In order to better show the effects of pixel alignment module () and crossmodality paired-image generation module (), in this part, we visualize the fake IR images generated by pixel alignment module and crossmodality paired images generated by crossmodality paired-image generation module. From Figure 4, firstly, we can see that the fake infrared images generated by the pixel alignment module have infrared style and keep the content information (view, posture, etc.) of the corresponding real RGB image. Therefore, the generated fake infrared images can reduce the huge crossmodality changes between RGB and infrared images. Secondly, we can see that when a person’s crossmodality unpaired image is given, whether it is a real RGB image and IR image, or a fake IR image generated by the AlignGAN module, our method can stably generate crossmodality paired images.

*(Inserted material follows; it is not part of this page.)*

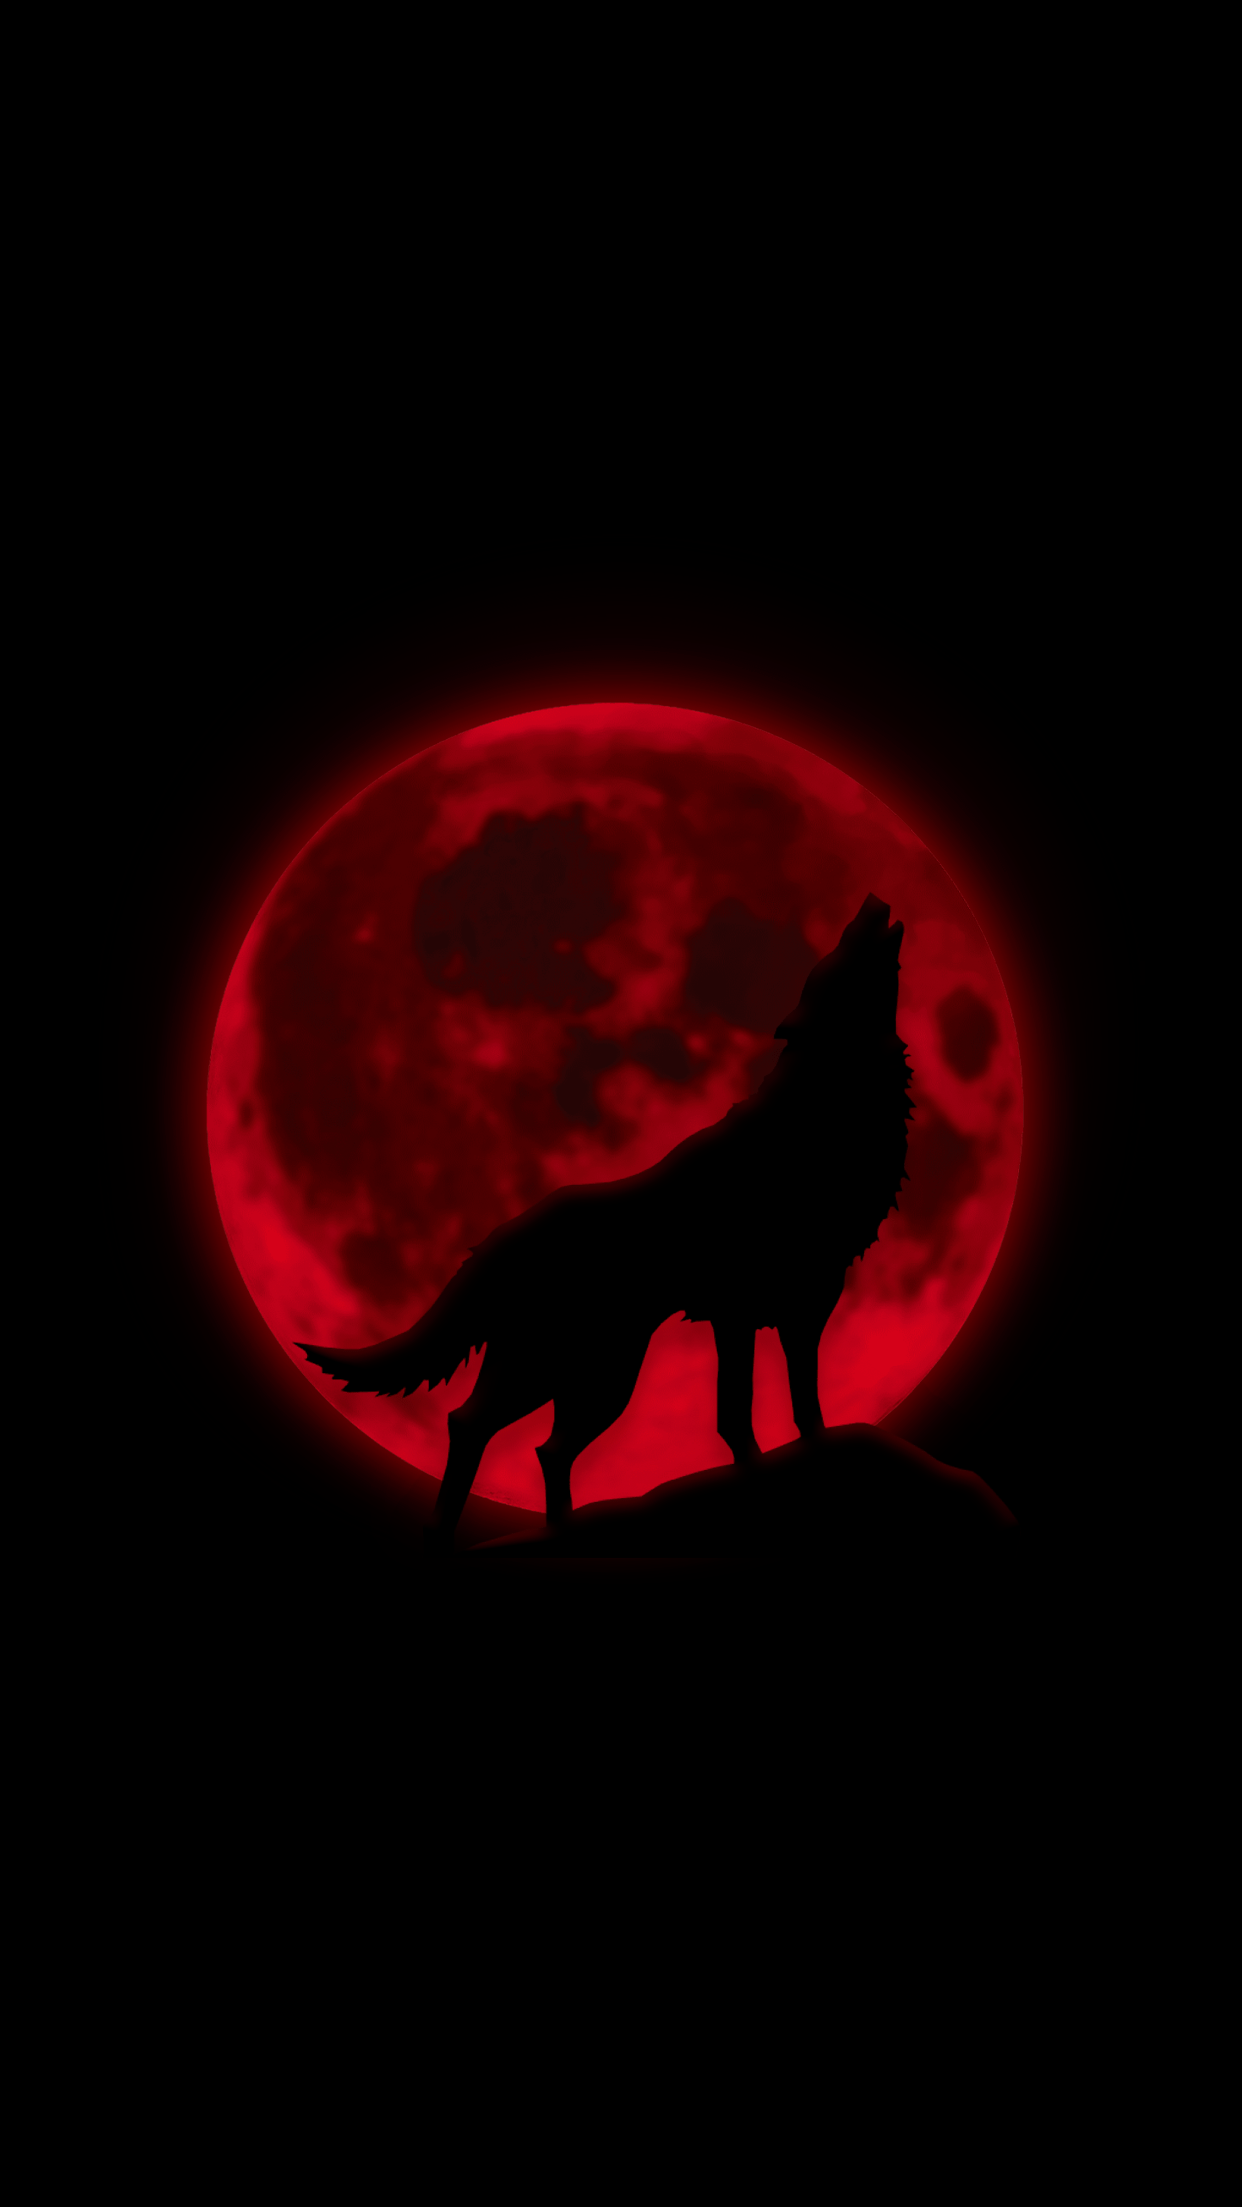 The Wolf Dark Red Wallpaper By Me iPhone Version R Iwallpaper

But objectively speaking, the generated images are not clear enough. As shown in Figure 4, for example, the legs of the image generated by person A under the umbrella are very blurry, and the contour of the whole person is very blurry in the image generated by person B under the background of steps, which intuitively shows the influence of occlusion and complex background on RGB-IR re-ID. It also shows that in the research of RGB-IR re-ID, besides the huge crossmodality differences among different modalities, the problems of occlusion, viewpoint change, and complex background faced by traditional re-ID are still huge problems to be solved urgently. We can learn from the mature methods in the field of re-ID, such as attribute-person recognition (APR) proposed by Lin et al. [21] and re-ID based on pose estimation proposed by Miao et al. [20], and apply these methods to RGB-IR re-ID, so as to solve the problems of occlusion and complex background in RGB-IR re-ID. In a word, we still have a long way to go in the research of RGB-IR re-ID.

5. Conclusions

In this paper, we propose a new method based on global and local alignment: AGF. Firstly, the RGB images are converted into IR images by using the AlignGAN model, which reduces the crossmodality difference. Then, the newly generated IR images and all the images in SYSU-MM01 are introduced into the framework, and the paired images are generated by separating and exchanging the modality-specific features between the unpaired images, and the set level and instance level are aligned at the same time. Finally, we first tried to apply SE-ResNet-50 network to the research of RGB-IR crossmodality re-ID and made a major breakthrough. The experimental results on SYSU-MM01 dataset show the effectiveness of our proposed method. In addition, we also verify that a RGB-IR re-ID method will show better performance on a stronger baseline, which shows the importance of designing a strong baseline in the region of RGB-IR re-ID.

Data Availability

The data related in our work is publicly available which is from reference [29] as we cited. Thus we think our description is suitable.

Conflicts of Interest

The authors declare that there is no conflict of interest regarding the publication of this paper.

Acknowledgments

This research was supported by the National Natural Science Foundation of China (No. 11801511).